# International Experience Canada (Working Holiday)



## lorenzo_gr (Sep 12, 2013)

Goodmorning everyone,

I am a young (26 y.o.) Italian man, with a master degree in Geology and, for a series of reasons, I am considering to apply for a working holiday visa in Canada (now, officially IEC - International Experience Canada).
I speak fluent English, and I used to speak good French (even if now, this latter is a little bit rusty)

I know that for Italians, this visa (which is limited to 1000 per year) allows you to stay in the country for up to 12 months, and to work for up to 6.

My rough plan would be to stay in the Toronto area, or anyway in Ontario, and do, at least for a while, a volunteer work in a family farm (I use, to find this kind of opportunities, the website workaway.info) and then look for work in Toronto or in the nearby area, focusing, if possible, in the search of geologist/low-enthalpy geothermal jobs.

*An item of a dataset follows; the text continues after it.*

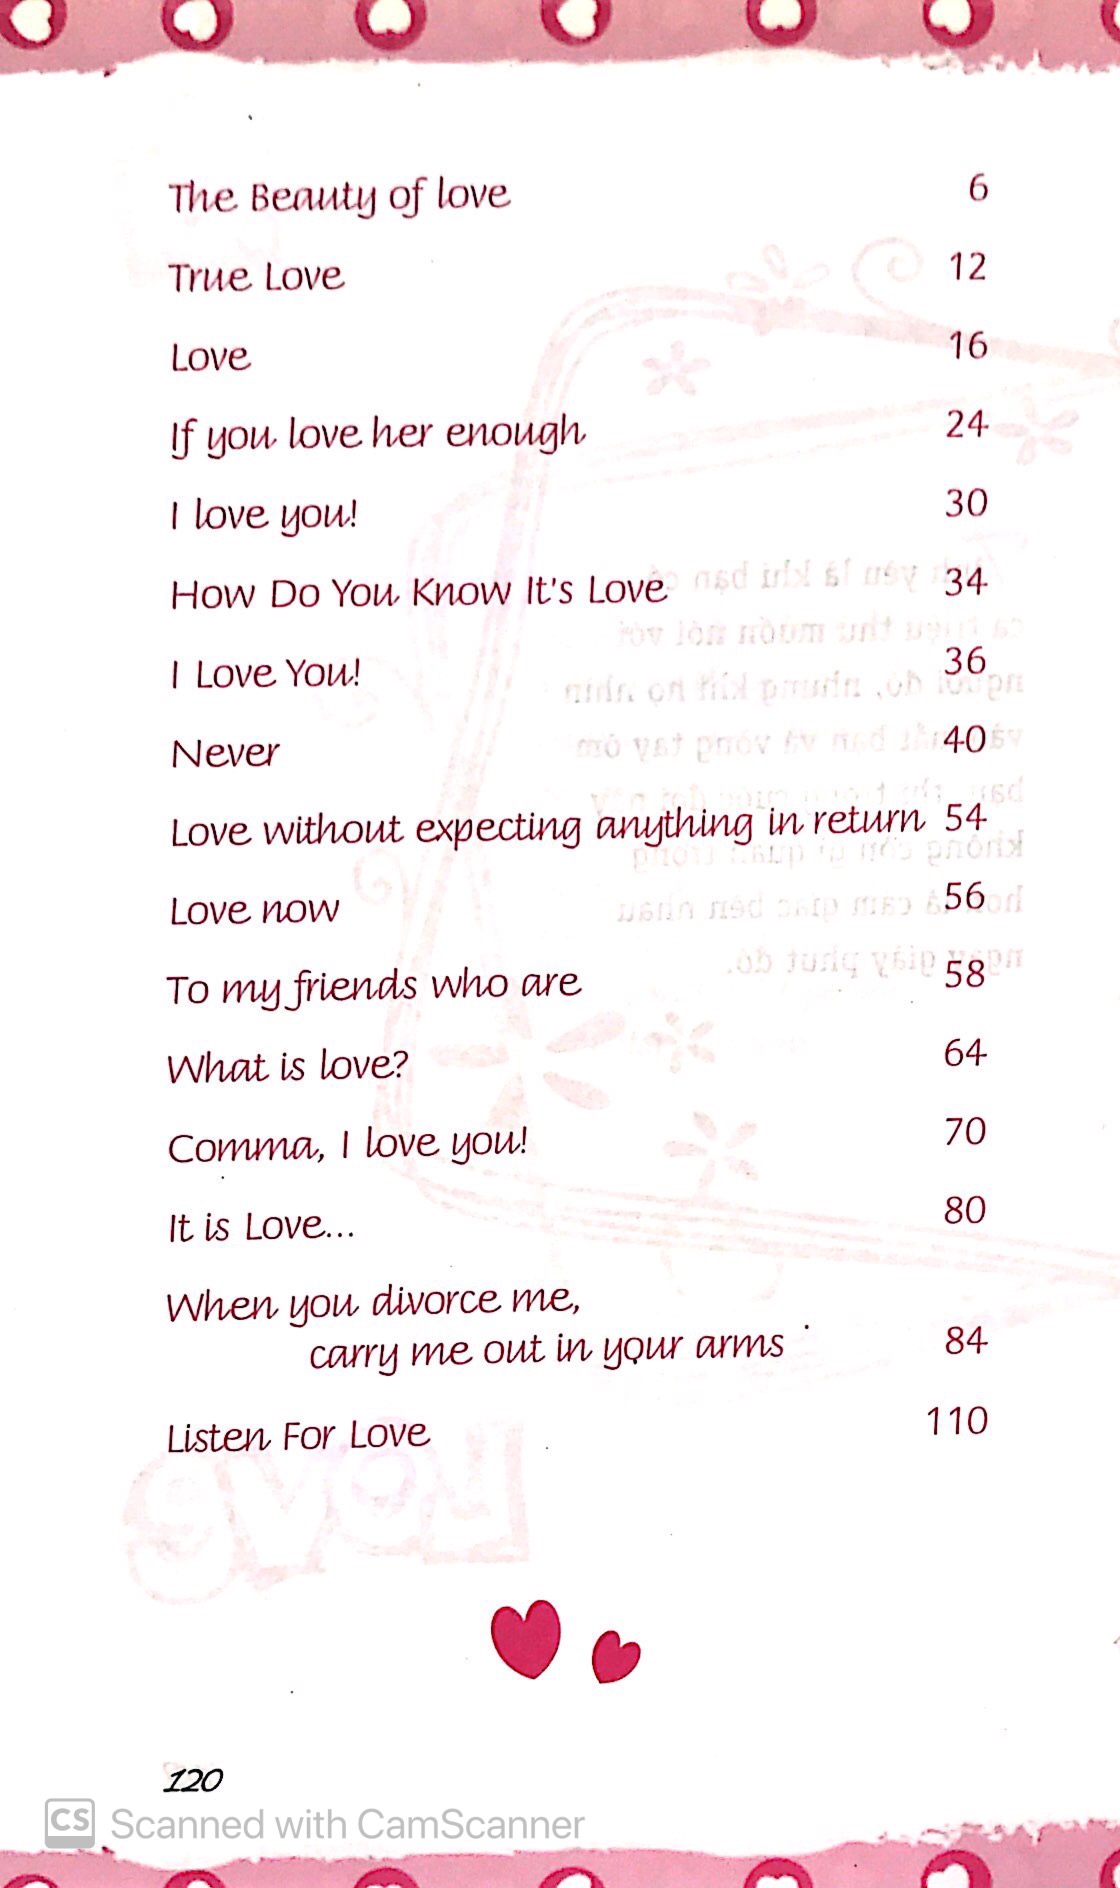 Thông Điệp Yêu Thương - Honey, I Love You PDF

I wanted to ask if anyone has or had experience with this program (International Experience Canada (Working Holiday)) in Canada: 
how did it go, has it met your expectations, how easy/difficult has it been to find any kind of job (or a specific one) with this kind of visa, how does the population generally react to foreigners and to working holiday visa holders, what's the cost of living in Ontario, and so on...

So pretty much, it would be great if you could share your impressions, advice, experiences, etc.

Any help is greatly appreciated!

Best wishes to everyone!
Lorenzo


----------